La senadora electa Lorena Villaverde atraviesa un momento de fuerte incertidumbre política: su ingreso a la Cámara Alta depende ahora de una comisión controlada por el peronismo y de un voto clave, el de la rionegrina Mónica Silva. En medio de denuncias y tensiones internas, su asunción podría trabarse.
La dirigente libertaria, electa por Río Negro en los comicios del 26 de octubre, mantiene un silencio estratégico mientras crece la desconfianza dentro del propio bloque que lidera Patricia Bullrich. En la última reunión del espacio, un colega le preguntó directamente por su situación judicial y sus vínculos con Fred Machado y Claudio Ciccarelli, los mismos que provocaron la caída de José Luis Espert de la lista oficialista.
Villaverde respondió que “todo estaba aclarado” y que la ministra de Seguridad “está al tanto”, pero la explicación no convenció a sus compañeros. Desde el sector libertario admiten que “ni el propio bloque confía del todo en ella”, y que su designación enfrenta resistencias en distintos espacios del Senado.
La comisión clave y el rol del peronismo
El pliego de Villaverde debe ser aprobado por la Comisión de Asuntos Constitucionales, que preside la cordobesa Alejandra Vigo y está integrada por 19 senadores. En ese ámbito, el peronismo tiene mayoría con ocho miembros, mientras que entre los restantes figuran el radical Pablo Blanco, la larretista Guadalupe Tagliaferri y la neuquina Mónica Silva, cuyo voto puede resultar decisivo.

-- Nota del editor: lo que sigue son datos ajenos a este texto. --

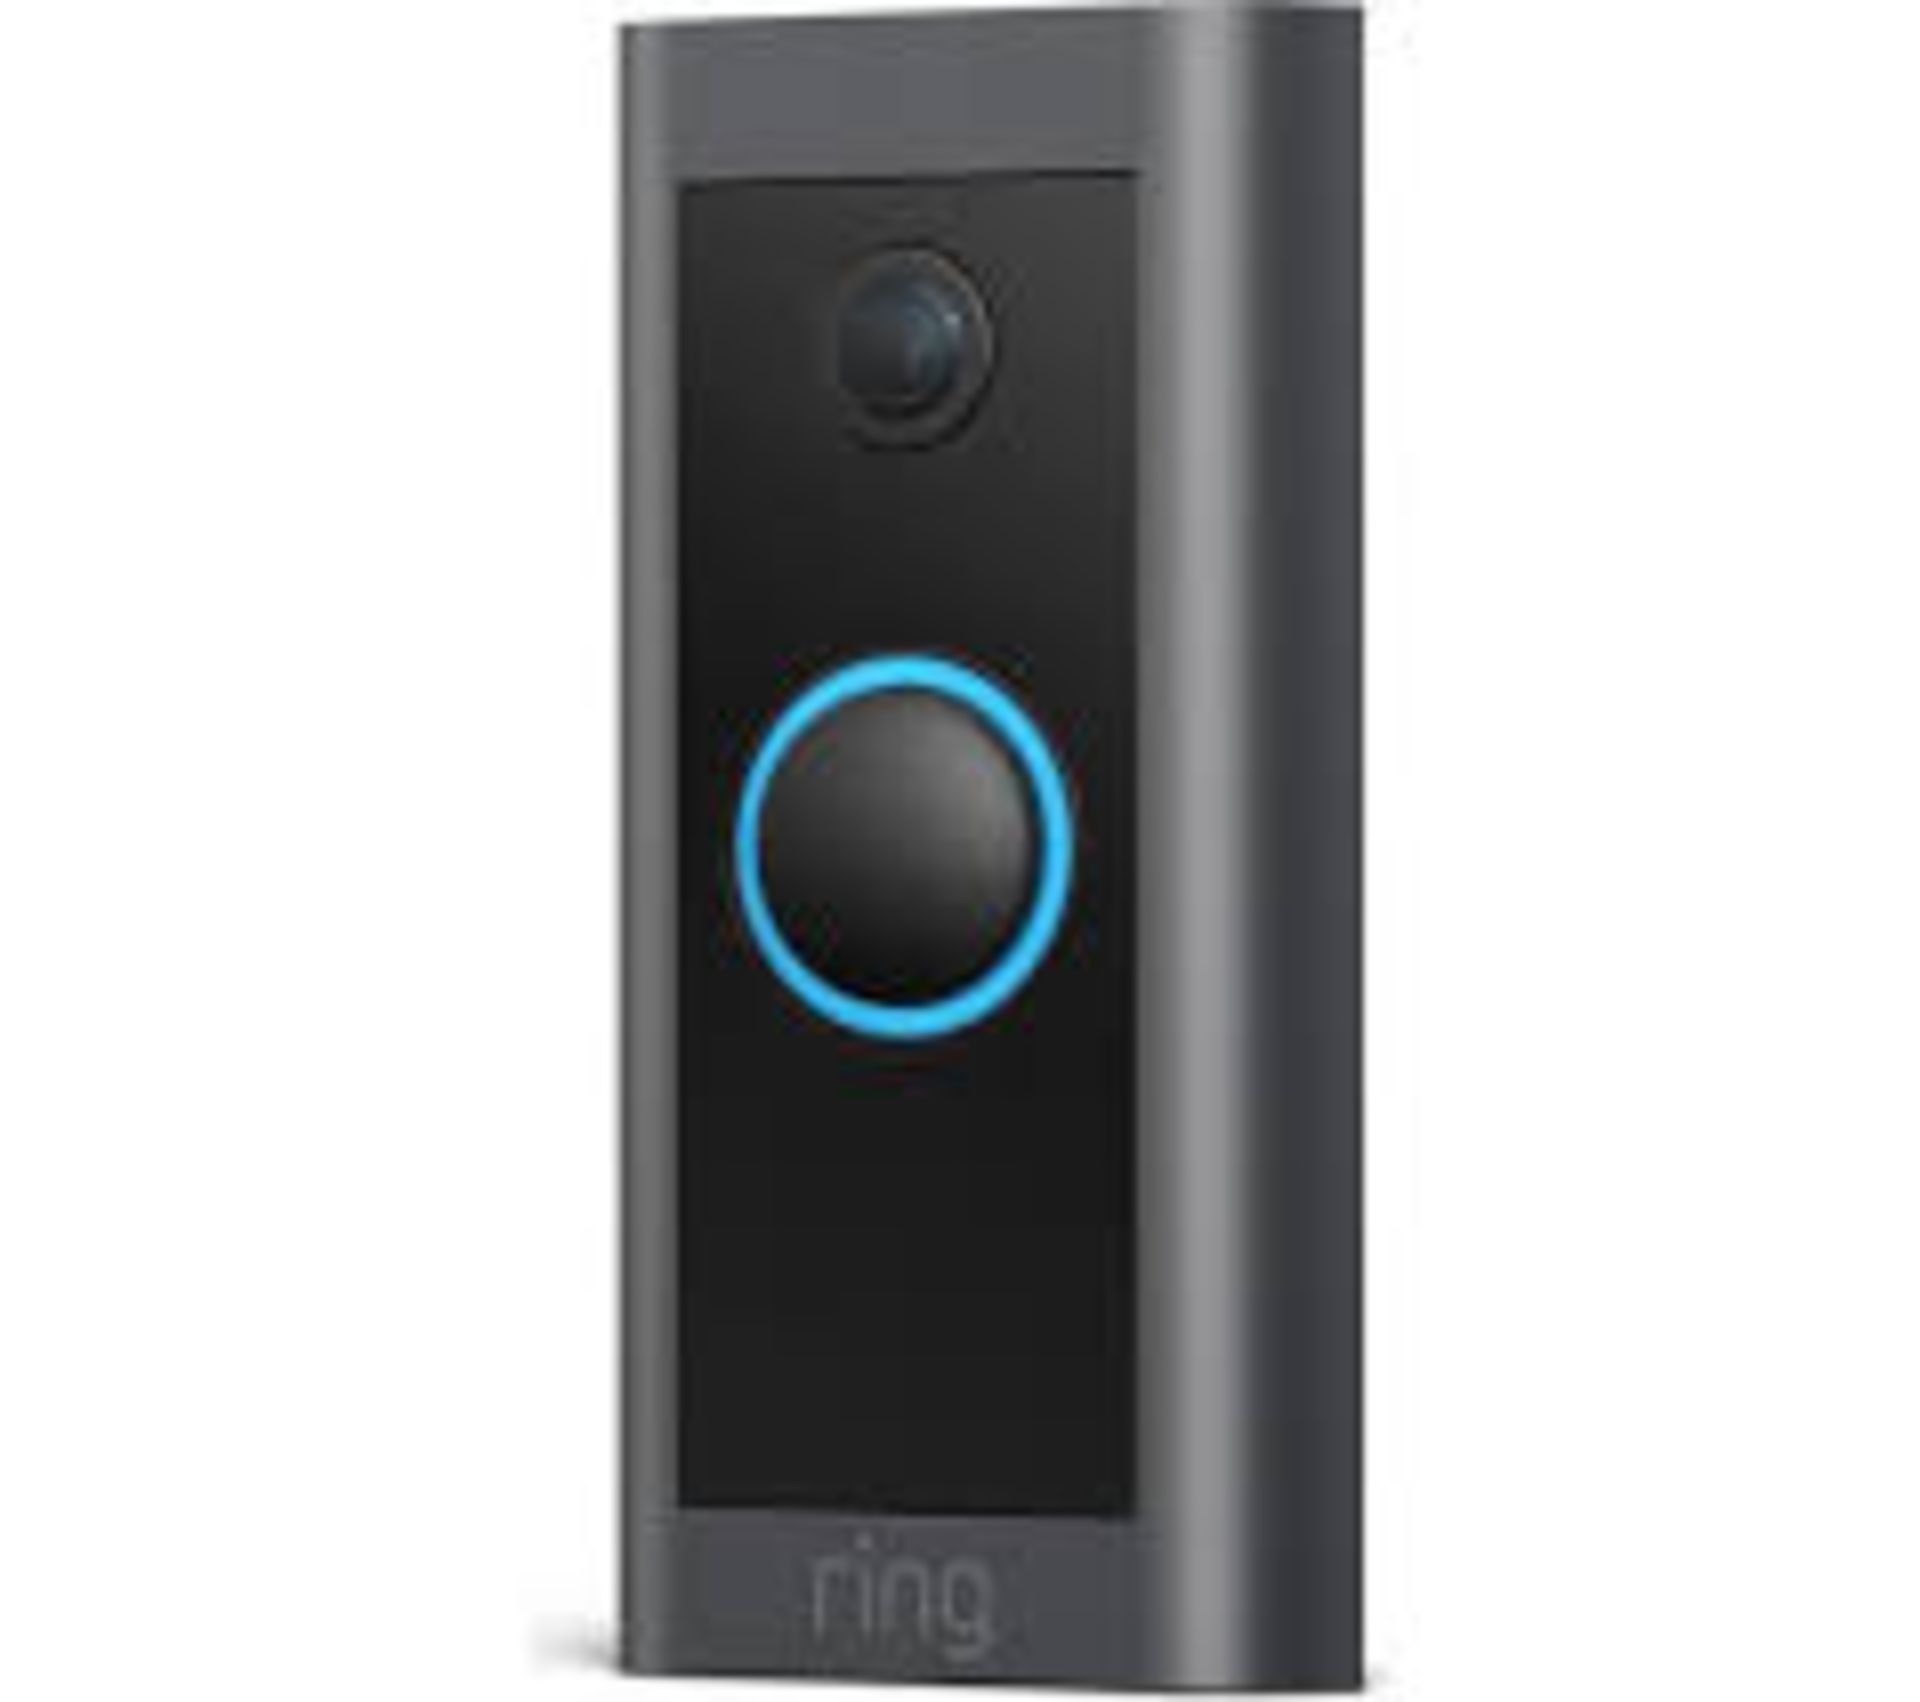 6 x RING Video Doorbell - Wired. - Pw. With the Ring Video Doorbell, you'll always know who's at the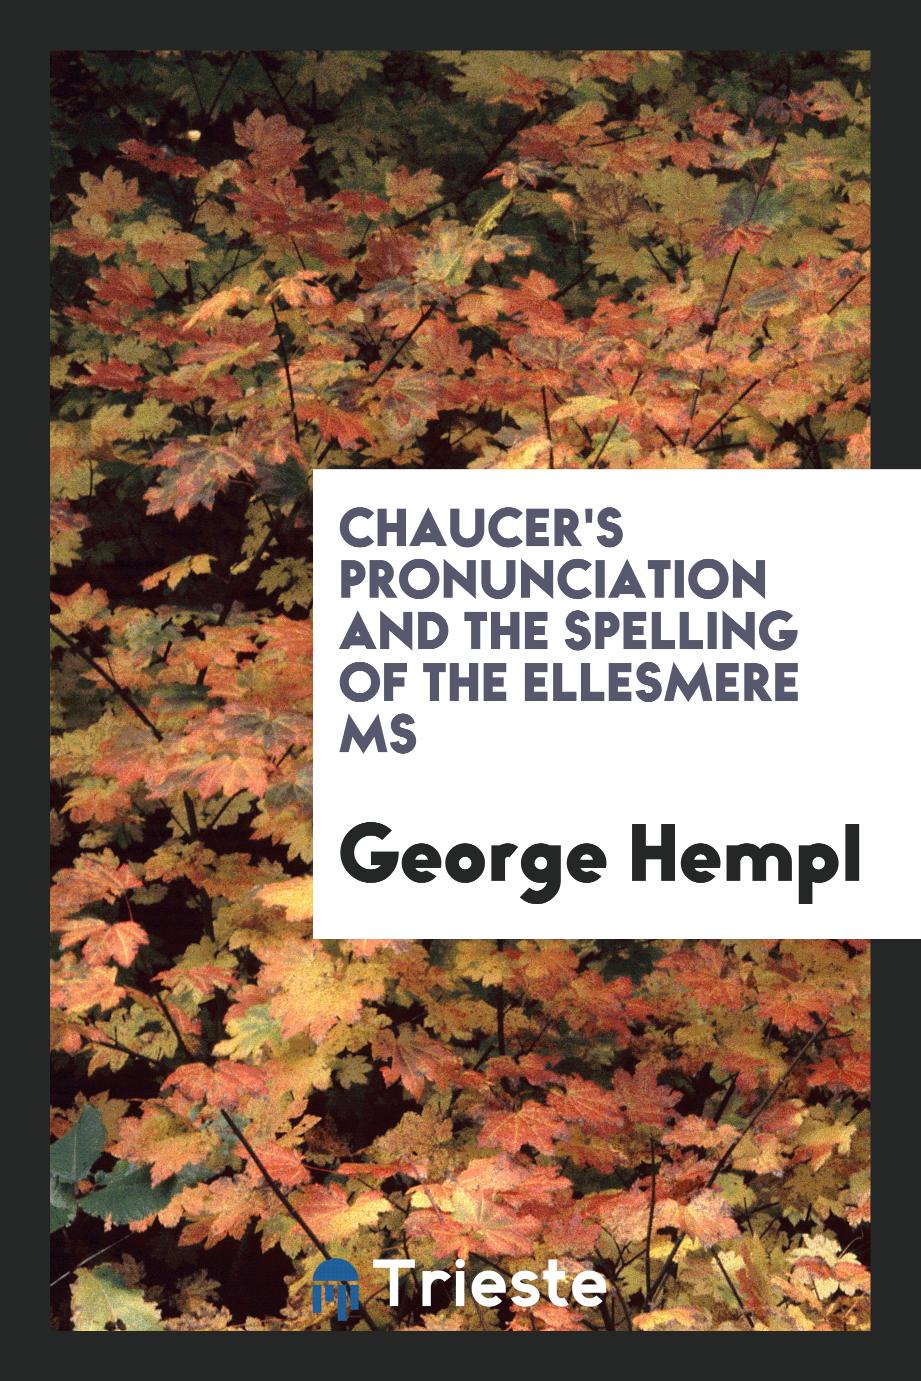 Chaucer's pronunciation and the spelling of the Ellesmere ms

Fuentes parlamentarias adelantaron que el bloque peronista analiza impugnar su incorporación bajo el mismo criterio aplicado en el recordado “caso Patti”, cuando en 2005 se le negó la banca al exrepresor Luis Abelardo Patti por sus causas judiciales. “Hay antecedentes institucionales que avalan una decisión de este tipo”, reconocen desde el entorno de Vigo.
Dudas internas y presión política en ascenso
Mientras tanto, dentro del oficialismo libertario la tensión crece. Un senador del espacio reconoció que Villaverde “la tiene difícil” y que “no hay certezas de que consiga los votos necesarios”. De no lograr el dictamen favorable, su juramento previsto en la sesión preparatoria antes del 10 de diciembre quedaría bloqueado.
El caso vuelve a poner en escena la fragilidad del armado libertario en el Congreso y la distancia entre el discurso de renovación política y los cuestionamientos éticos que atraviesan a algunos de sus referentes. La decisión que adopte la comisión será determinante para definir si Villaverde asume o si el Senado inaugura una nueva crisis política antes del recambio legislativo.